Aim of the task: Could you set down the listing below exactly, leaving out its pictures?

Raw data:

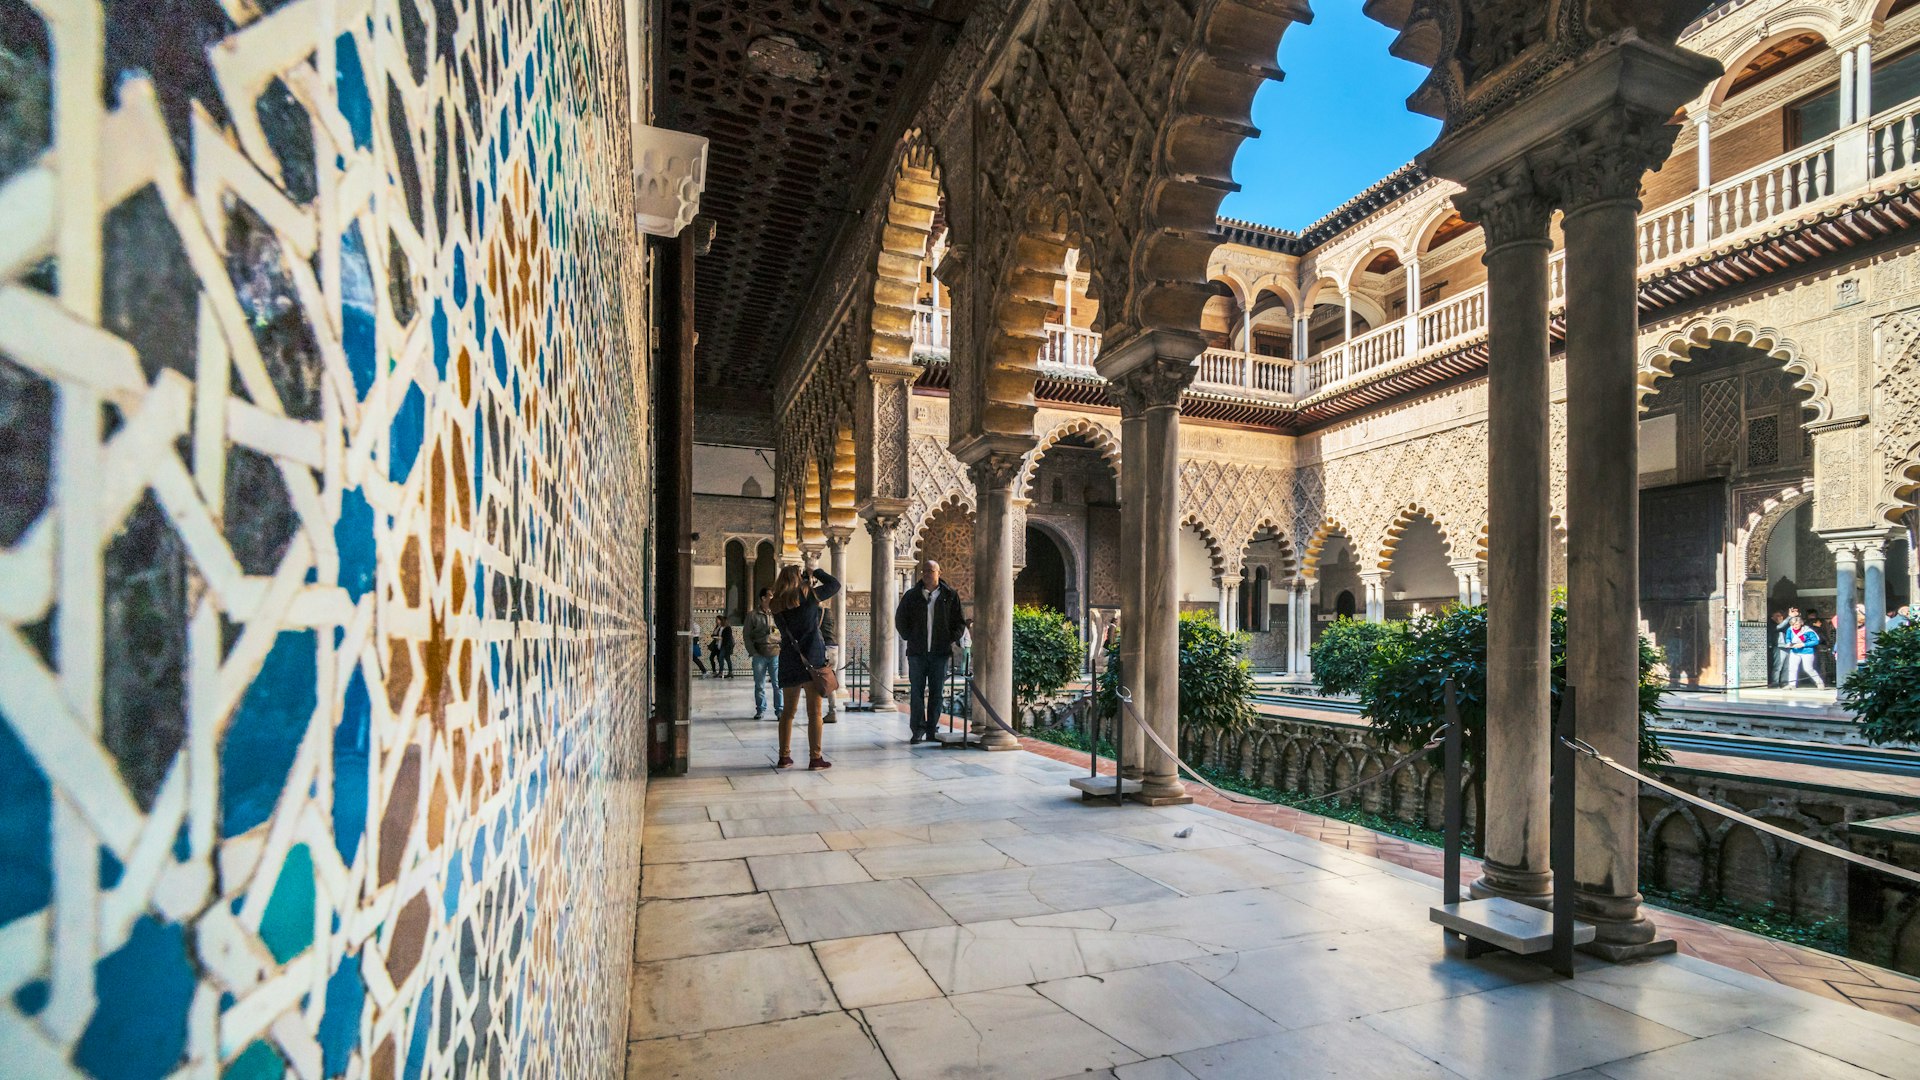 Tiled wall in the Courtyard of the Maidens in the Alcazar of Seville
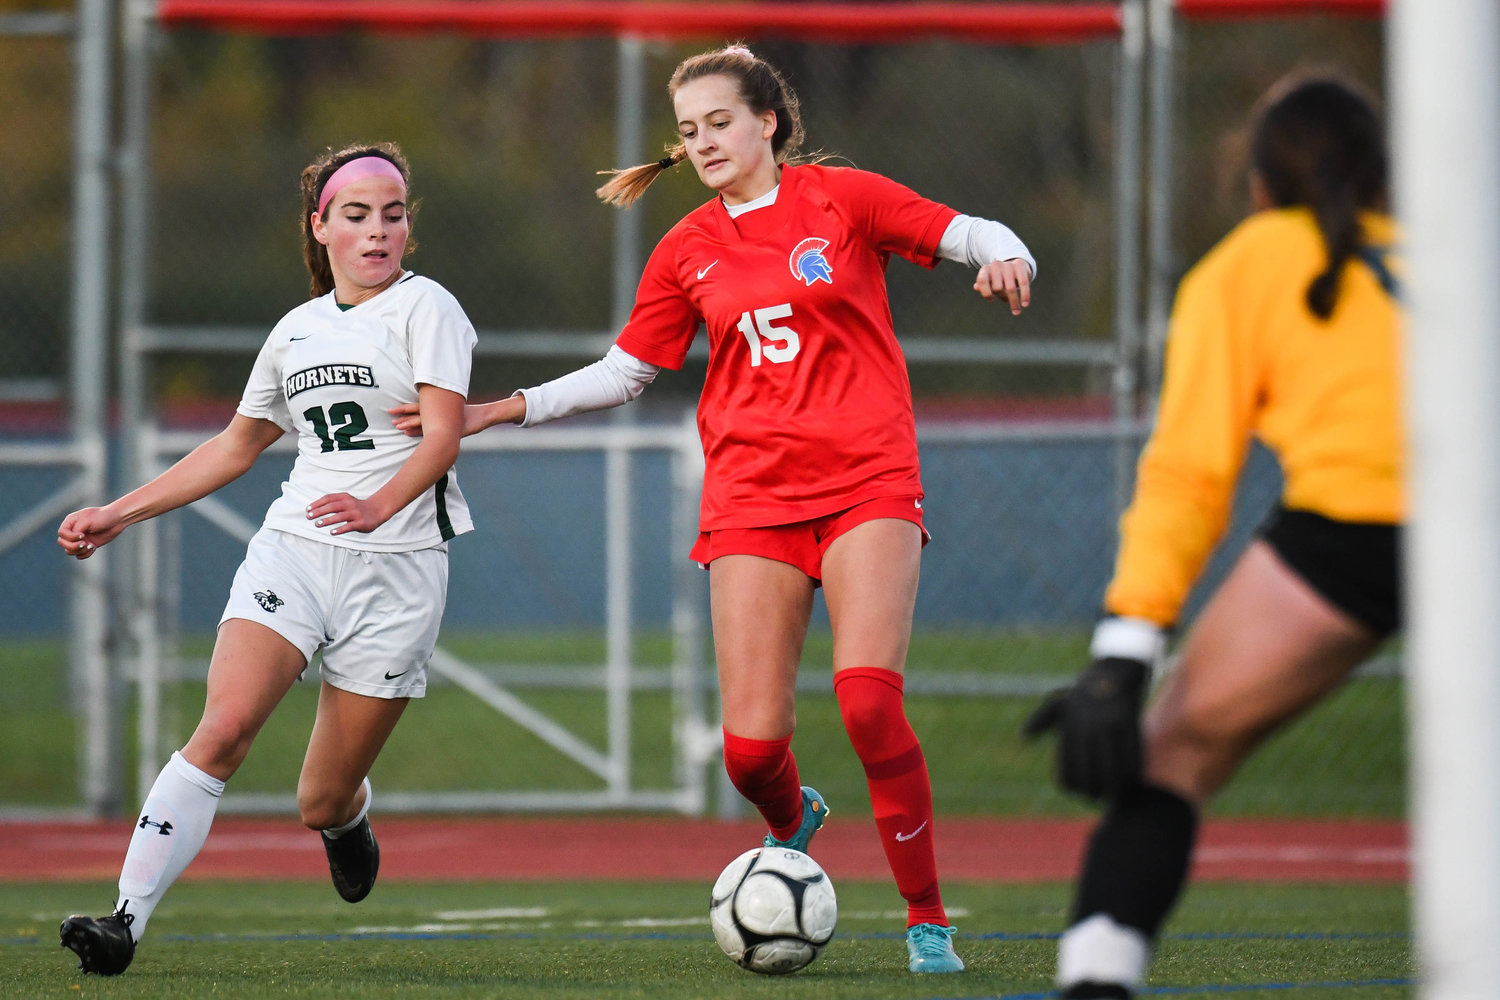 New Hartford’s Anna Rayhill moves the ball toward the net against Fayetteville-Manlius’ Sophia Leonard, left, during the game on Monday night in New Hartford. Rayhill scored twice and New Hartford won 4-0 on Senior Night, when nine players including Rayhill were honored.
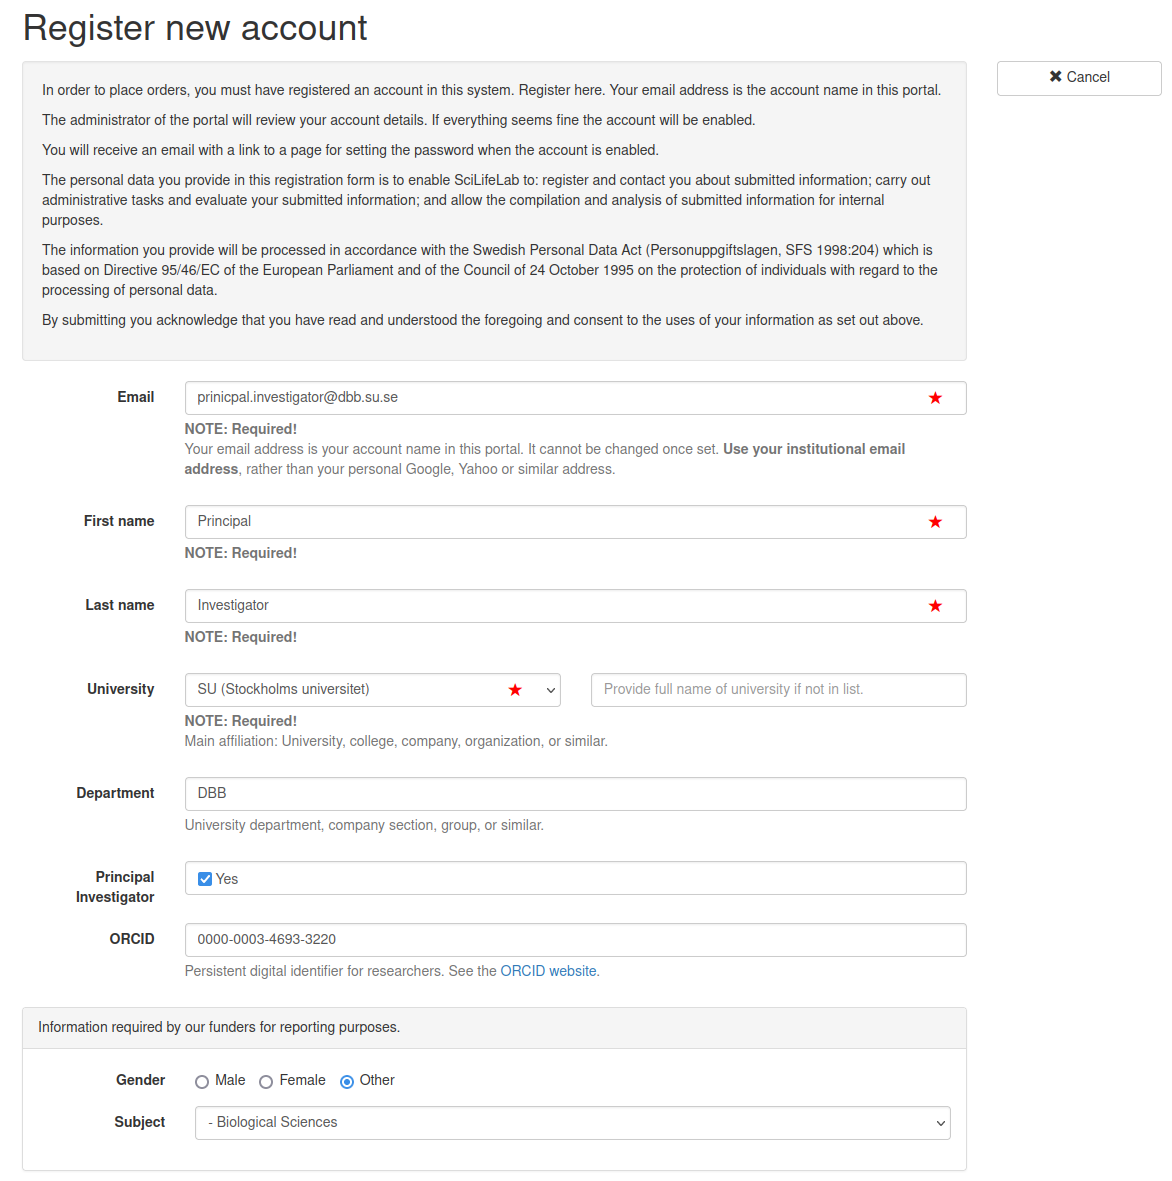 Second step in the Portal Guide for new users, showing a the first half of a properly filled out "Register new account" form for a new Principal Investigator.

Task response:
 Tiled wall in the Courtyard of the Maidens in the Alcazar of Seville
 New Hartford’s Anna Rayhill moves the ball toward the net against Fayetteville-Manlius’ Sophia Leonard, left, during the game on Monday night in New Hartford. Rayhill scored twice and New Hartford won 4-0 on Senior Night, when nine players including Rayhill were honored.
 Second step in the Portal Guide for new users, showing a the first half of a properly filled out "Register new account" form for a new Principal Investigator.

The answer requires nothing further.